Integrations & Extensions¶

RHAPSODY telemetry is built on the OpenTelemetry Python SDK and outputs a portable JSONL checkpoint file. This page shows how to connect it to external observability platforms and how to build your own analytics components on top of it.

OTel compatibility¶

RHAPSODY uses opentelemetry-sdk internally with in-memory providers (no exporter configured by default). You can replace or augment these providers to forward data to any OTel-compatible backend.

What RHAPSODY produces¶

Signal	OTel type	Provider
Task / session traces	Spans (`ReadableSpan`)	`TracerProvider` → `SpanBuffer` (in-memory)
Counters, gauges, histograms	Metrics (`MetricsData`)	`MeterProvider` → `InMemoryMetricReader`
Raw events	JSONL file lines	RHAPSODY checkpoint writer

Connecting an OTLP exporter (Jaeger, Tempo, Dynatrace…)¶

RHAPSODY creates its own private TracerProvider and MeterProvider at start_telemetry() time. To forward data to an external backend, pass your pre-built SpanProcessor and/or MetricReader instances — the standard OTel extension points. RHAPSODY wires them into its providers alongside the internal SpanBuffer / InMemoryMetricReader:

from opentelemetry.sdk.trace.export import BatchSpanProcessor
from opentelemetry.exporter.otlp.proto.grpc.trace_exporter import OTLPSpanExporter

telemetry = await session.start_telemetry(
    checkpoint_path="./tel/",
    span_processors=[BatchSpanProcessor(OTLPSpanExporter(endpoint="http://localhost:4317"))],
)
# … run session …
await session.close()   # stops telemetry automatically

All task spans now flow to both Jaeger / Grafana Tempo and the in-memory SpanBuffer (powering read_traces() / task_spans()). RHAPSODY never imports specific exporter classes — you own exporter construction and configuration entirely.
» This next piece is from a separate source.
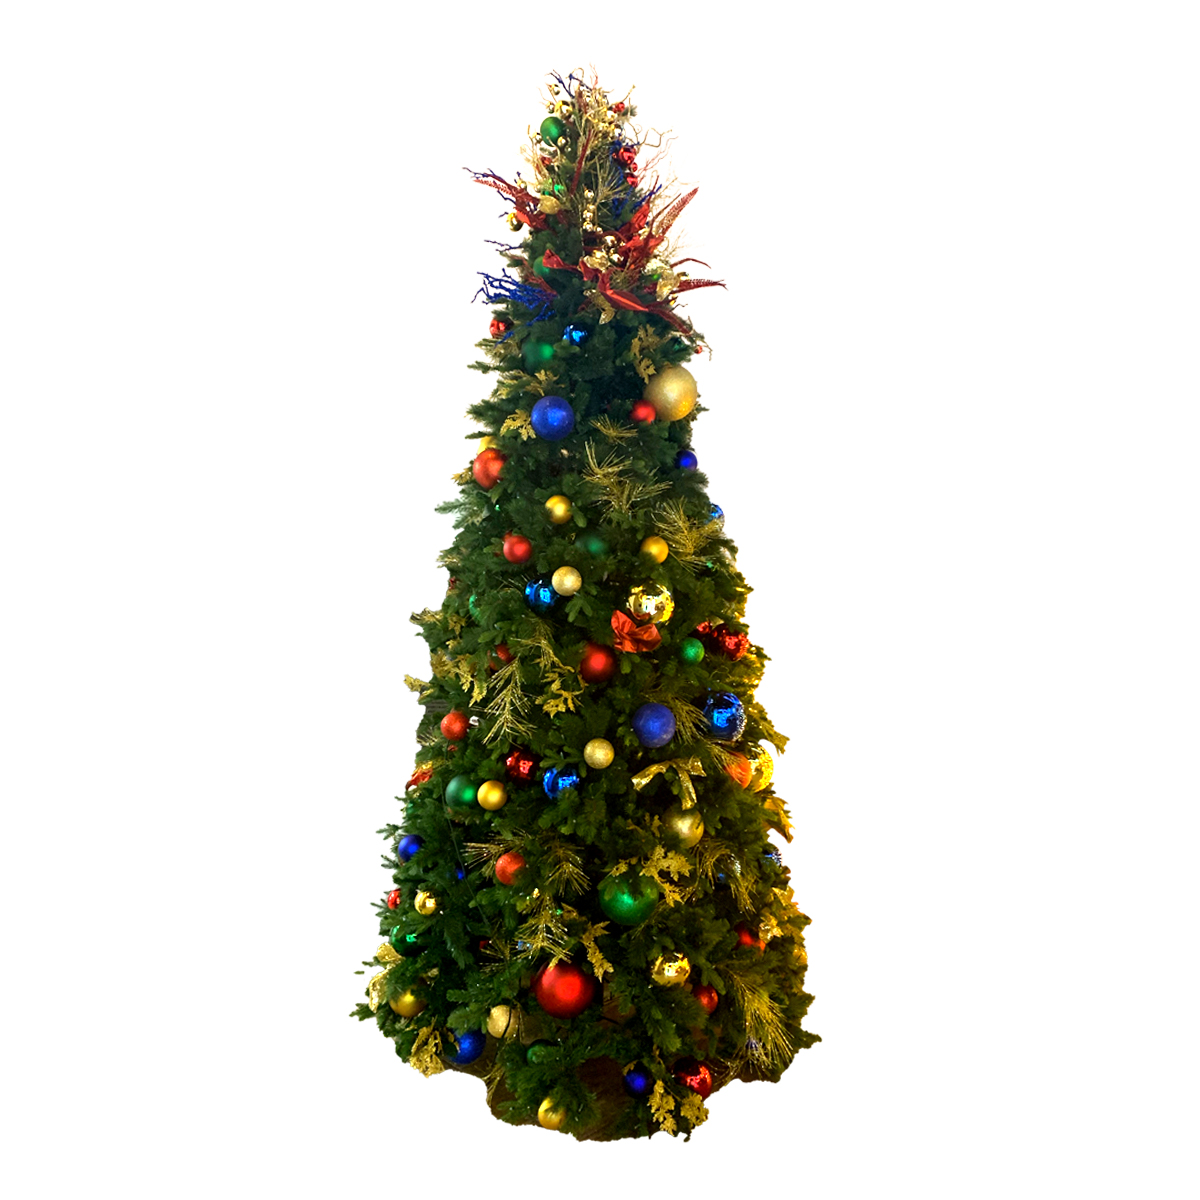 Northern Seasons Collection - Pre-Decorated Christmas Tree - 7.5ft Tall - Warm White LEDs
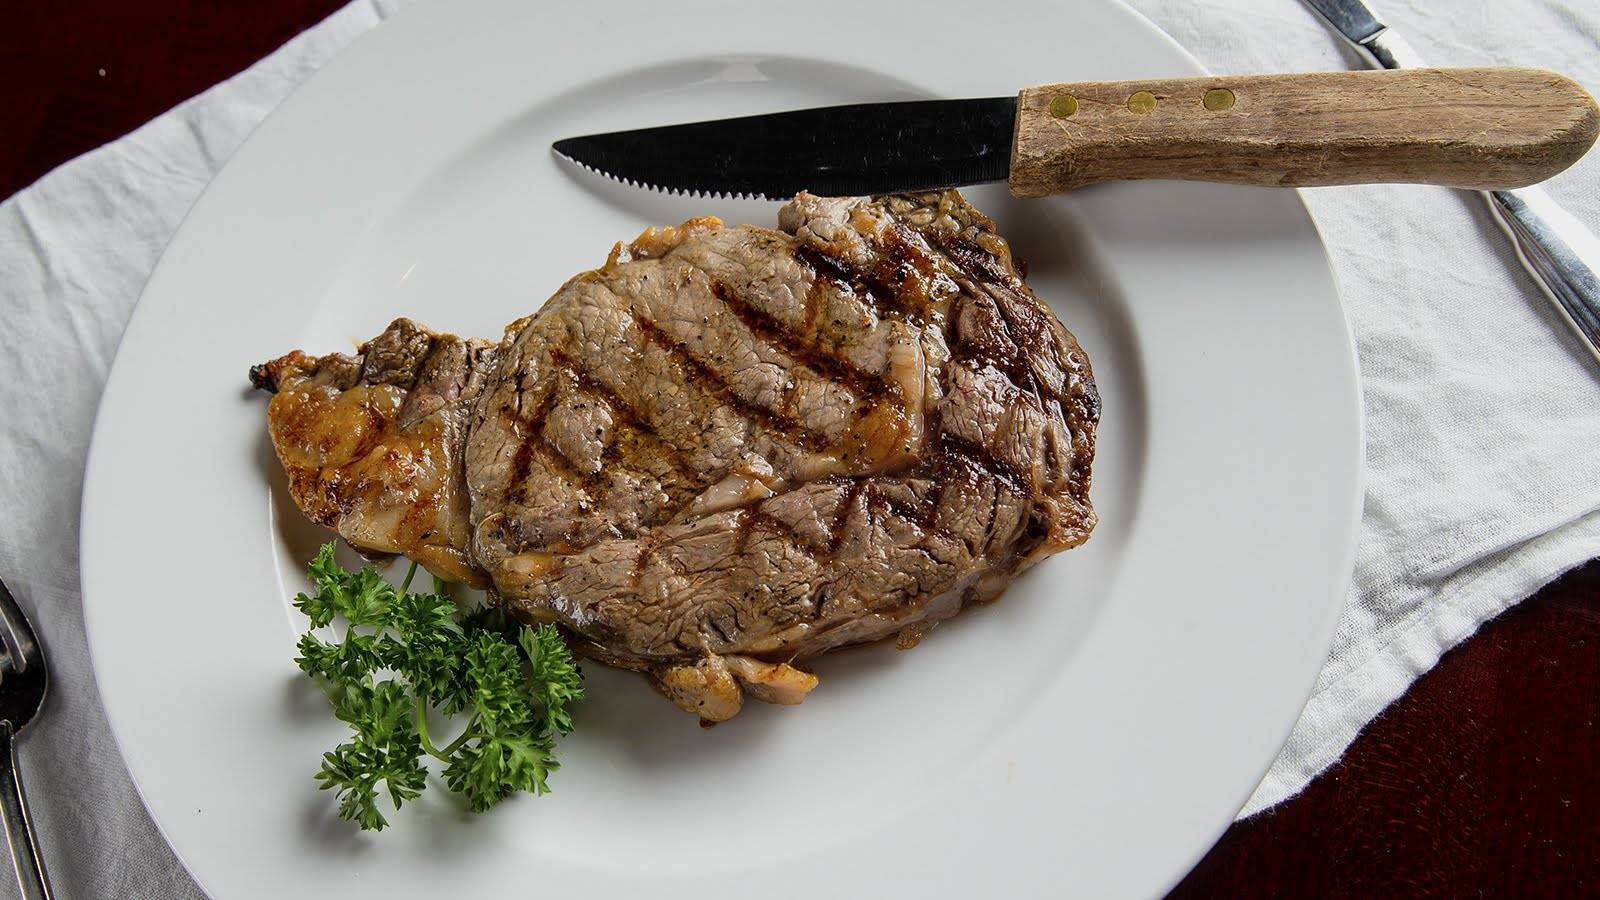 A 14 oz. bone-in ribeye with diamond grill marks rests on a white plate, which in turn sits on a small white cloth atop a wooden table. A wood-handled, serrated steak knife lays across the top of the plate, and a sprig of fresh parsley is tucked under the steak as garnish. Photo by Hamilton Walkerâ€™s.

Environment-based configuration

OTel exporters read OTEL_EXPORTER_OTLP_ENDPOINT, OTEL_EXPORTER_OTLP_HEADERS, and OTEL_SERVICE_NAME from the environment automatically. Pair this with Resource.create() via the resource parameter:

import os
os.environ["OTEL_SERVICE_NAME"] = "my-app"
os.environ["OTEL_EXPORTER_OTLP_ENDPOINT"] = "https://api.honeycomb.io"
os.environ["OTEL_EXPORTER_OTLP_HEADERS"] = "x-honeycomb-team=YOUR_API_KEY"

from opentelemetry.sdk.trace.export import BatchSpanProcessor
from opentelemetry.exporter.otlp.proto.http.trace_exporter import OTLPSpanExporter

telemetry = await session.start_telemetry(
    span_processors=[BatchSpanProcessor(OTLPSpanExporter())],
)

Grafana + Prometheus (live dashboard)¶

This setup exports RHAPSODY metrics to Prometheus via the OTel Prometheus exporter, then visualizes them in Grafana.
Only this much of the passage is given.